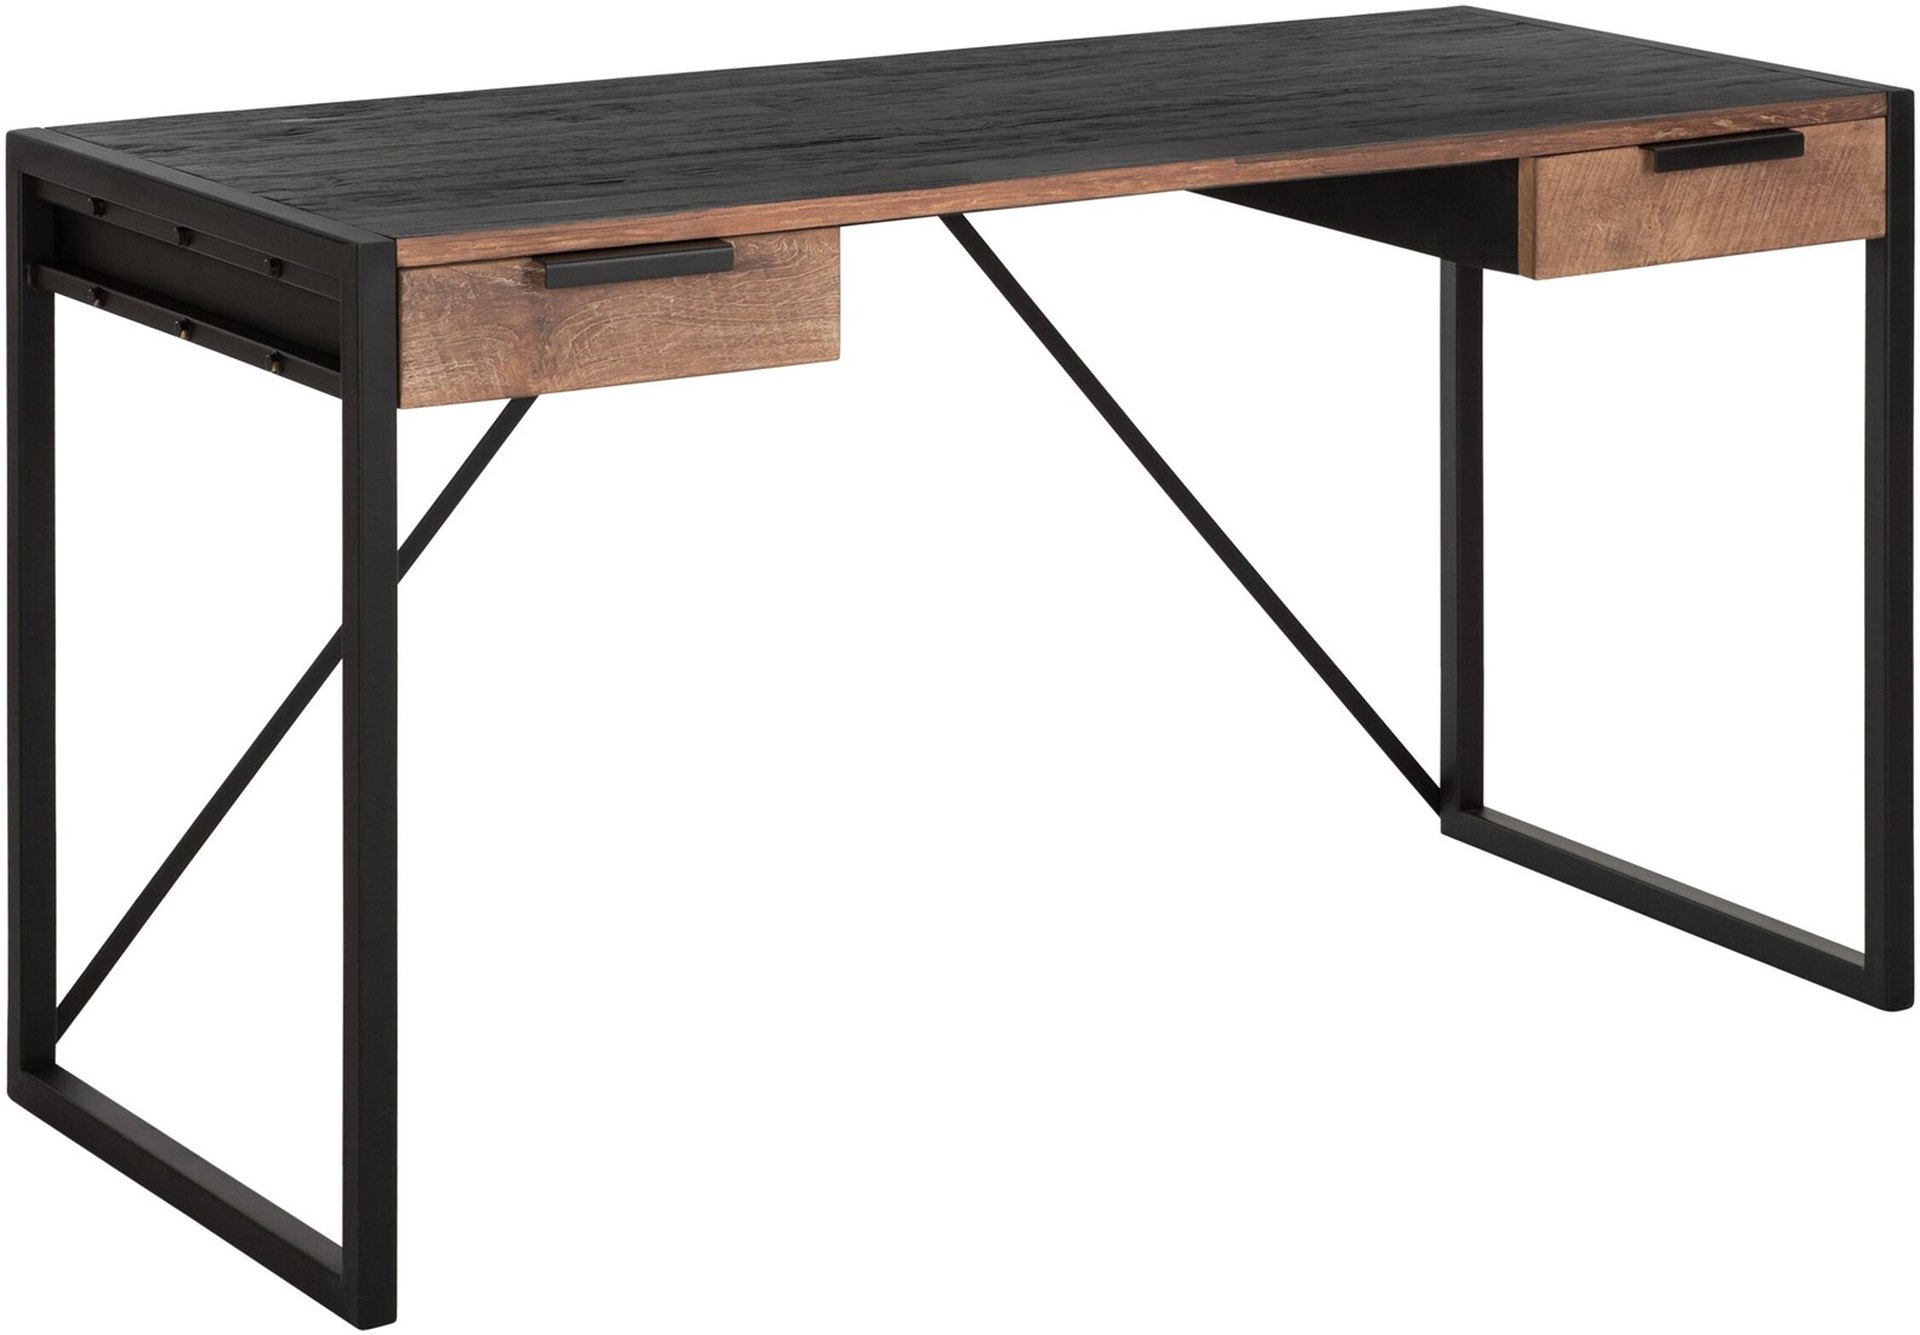 Der Schreibtisch Cosmo wurde aus recyceltem Teakholz gefertigt, welches einen natürlichen Farbton besitzt. Das Gestell ist aus Metall und ist Schwarz. Der Schreibtisch verfügt über zwei Schubladen.
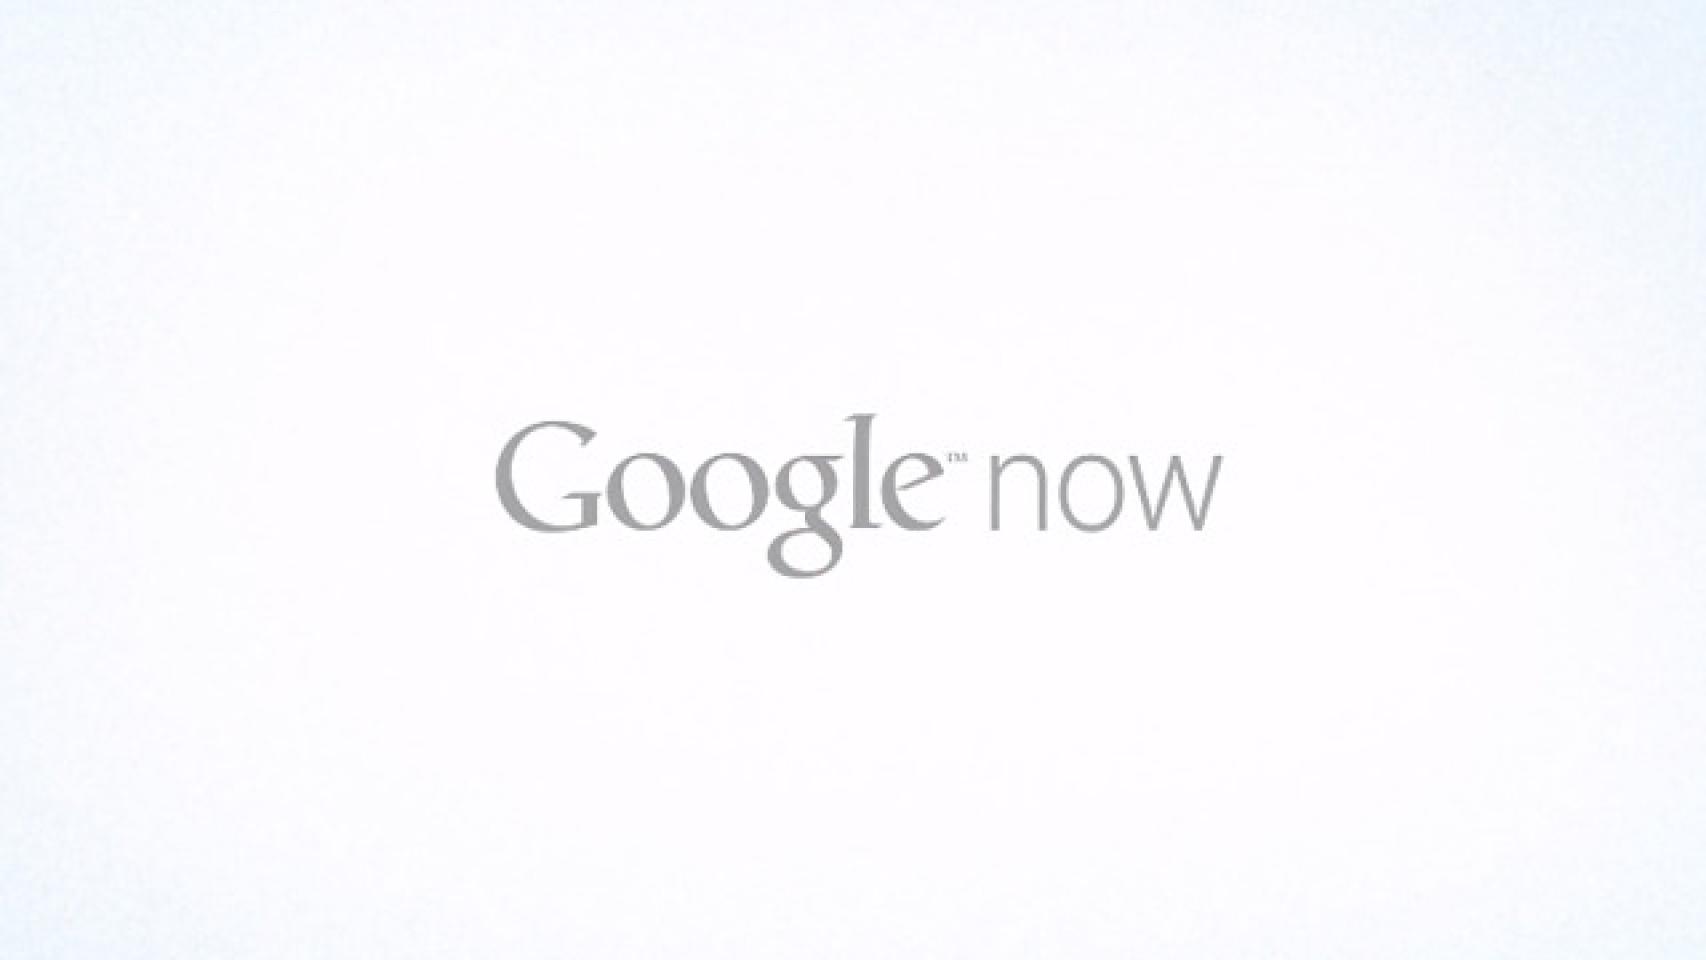 Google Now se actualiza con nuevas Cards y soporte en Español
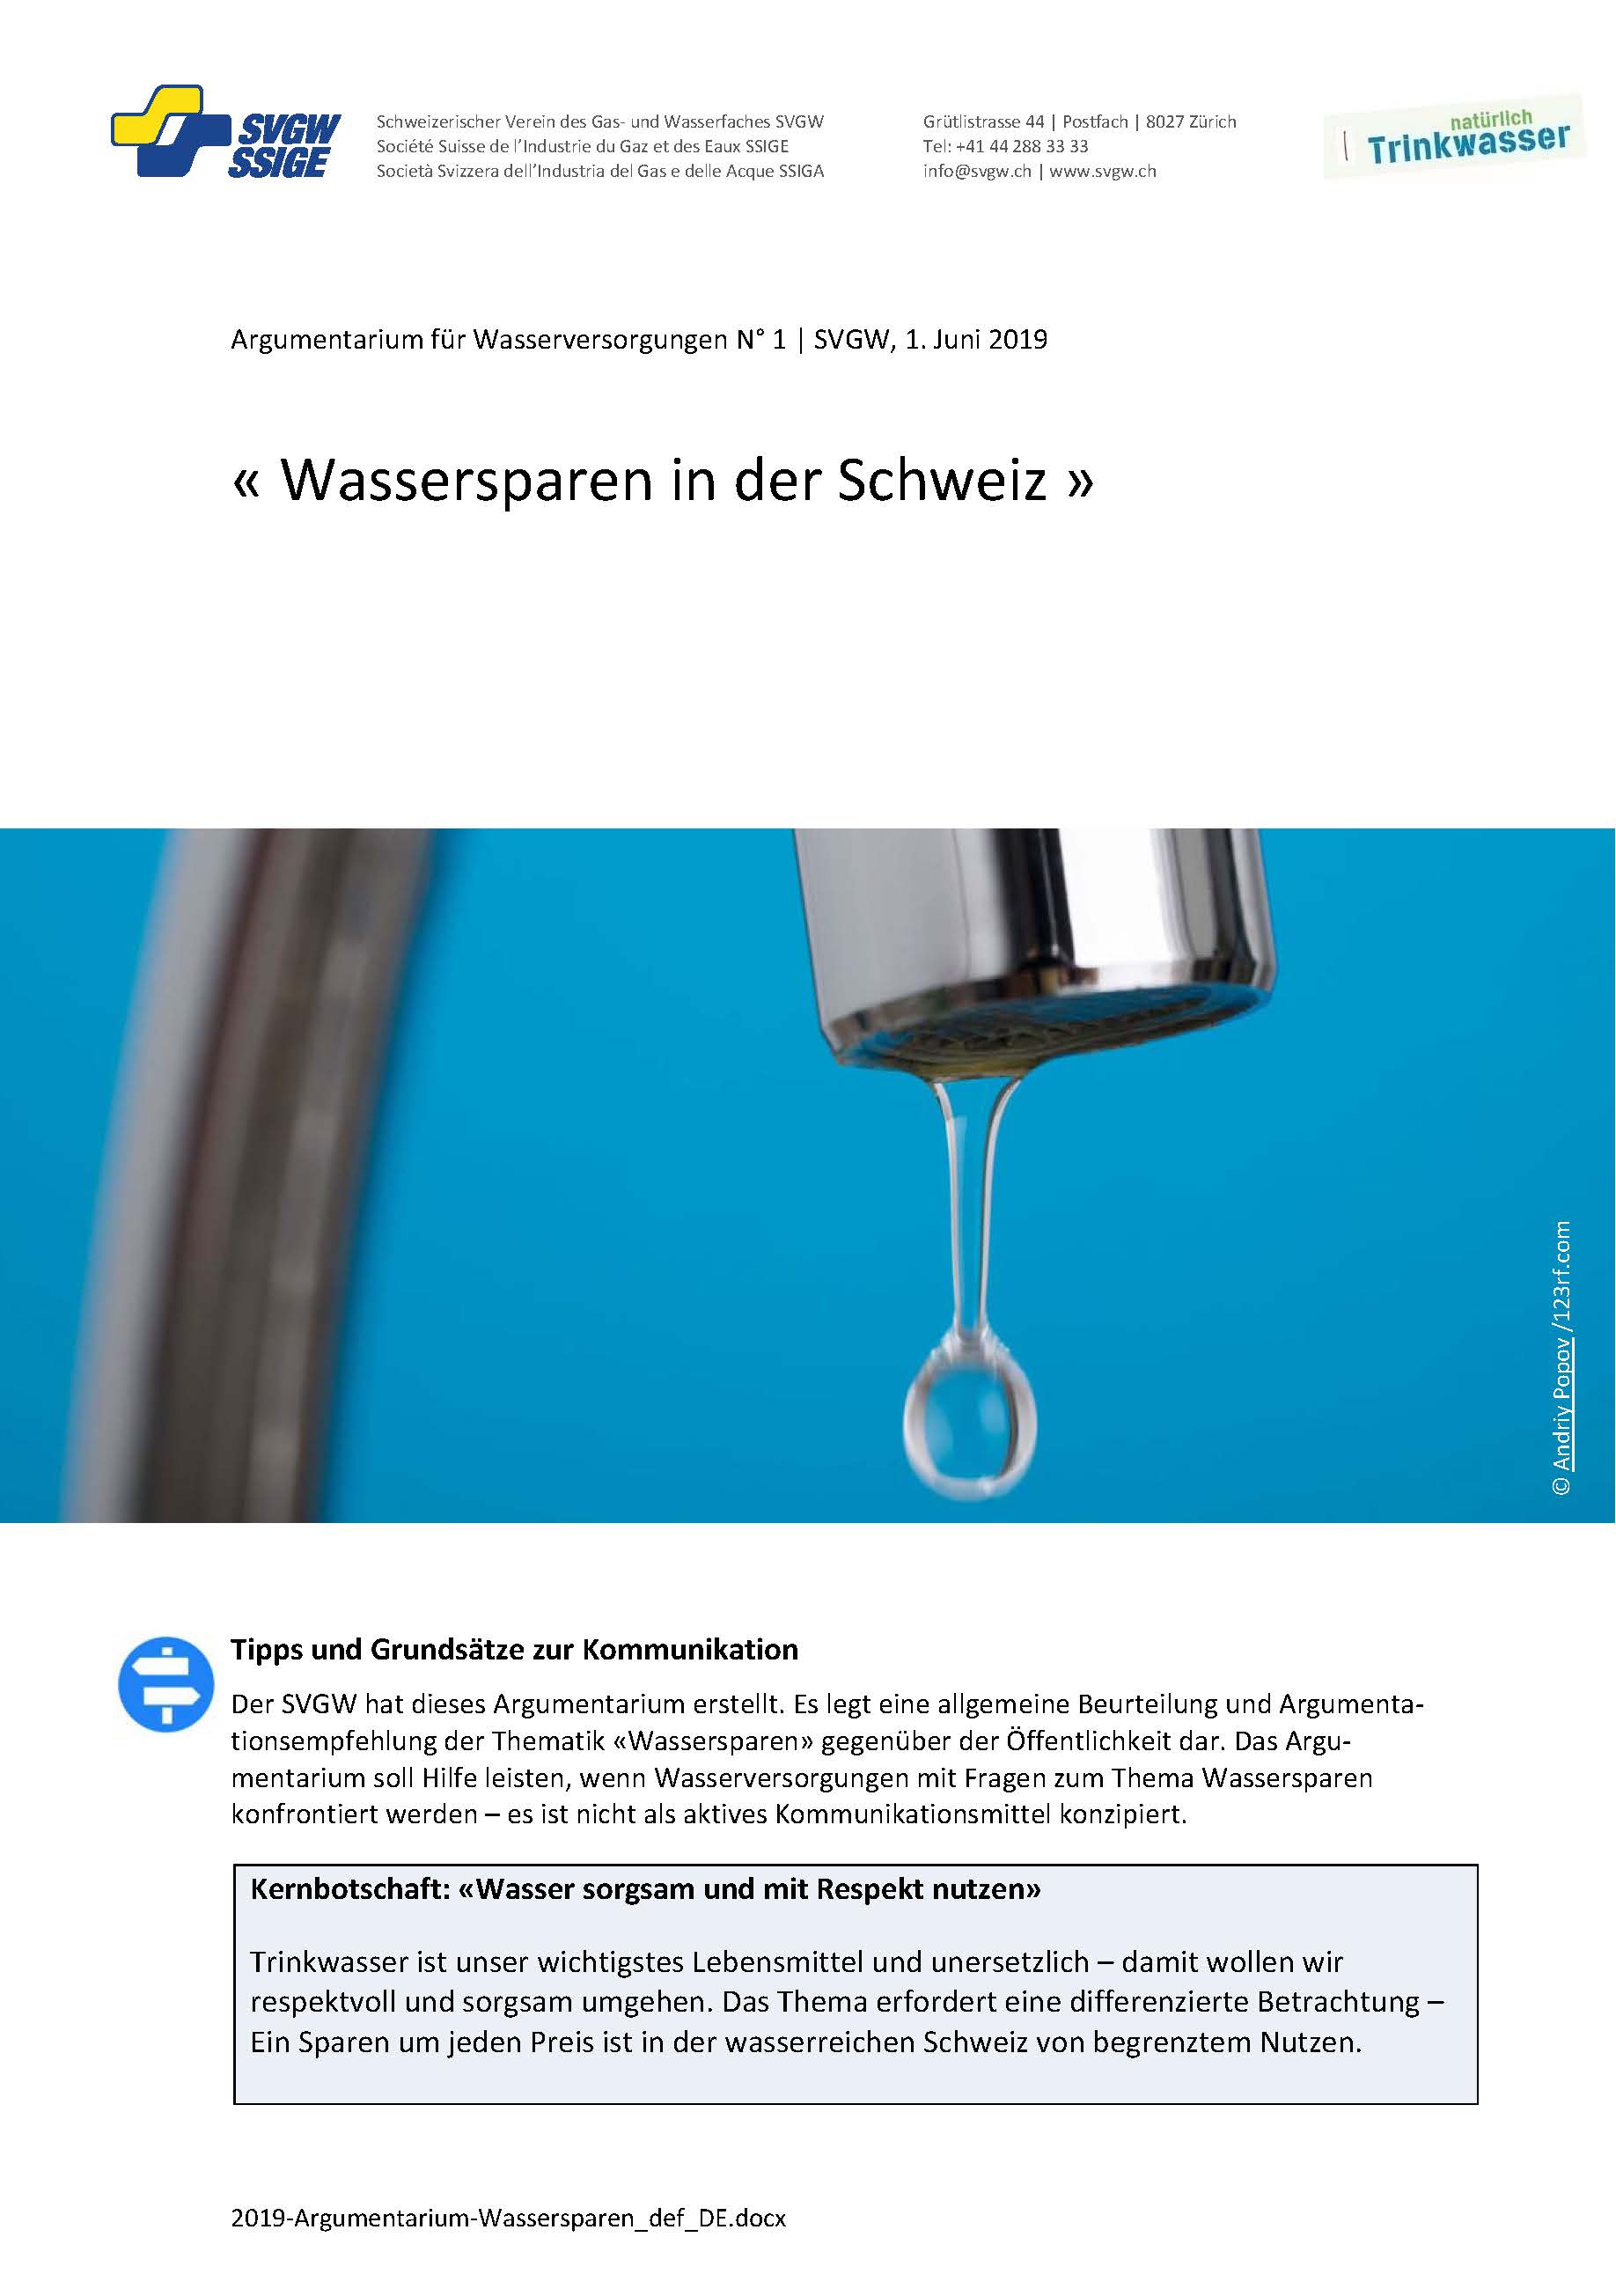 Argumentarium: «Wassersparen in der Schweiz»
# # # #
> HOW TO COMPLETE THIS TASK
Everything in the data except the pictures should be restated word for word.

> PROBLEM SOLUTION
 Der Schreibtisch Cosmo wurde aus recyceltem Teakholz gefertigt, welches einen natürlichen Farbton besitzt. Das Gestell ist aus Metall und ist Schwarz. Der Schreibtisch verfügt über zwei Schubladen.
 Google Now se actualiza con nuevas Cards y soporte en Español
 Argumentarium: «Wassersparen in der Schweiz»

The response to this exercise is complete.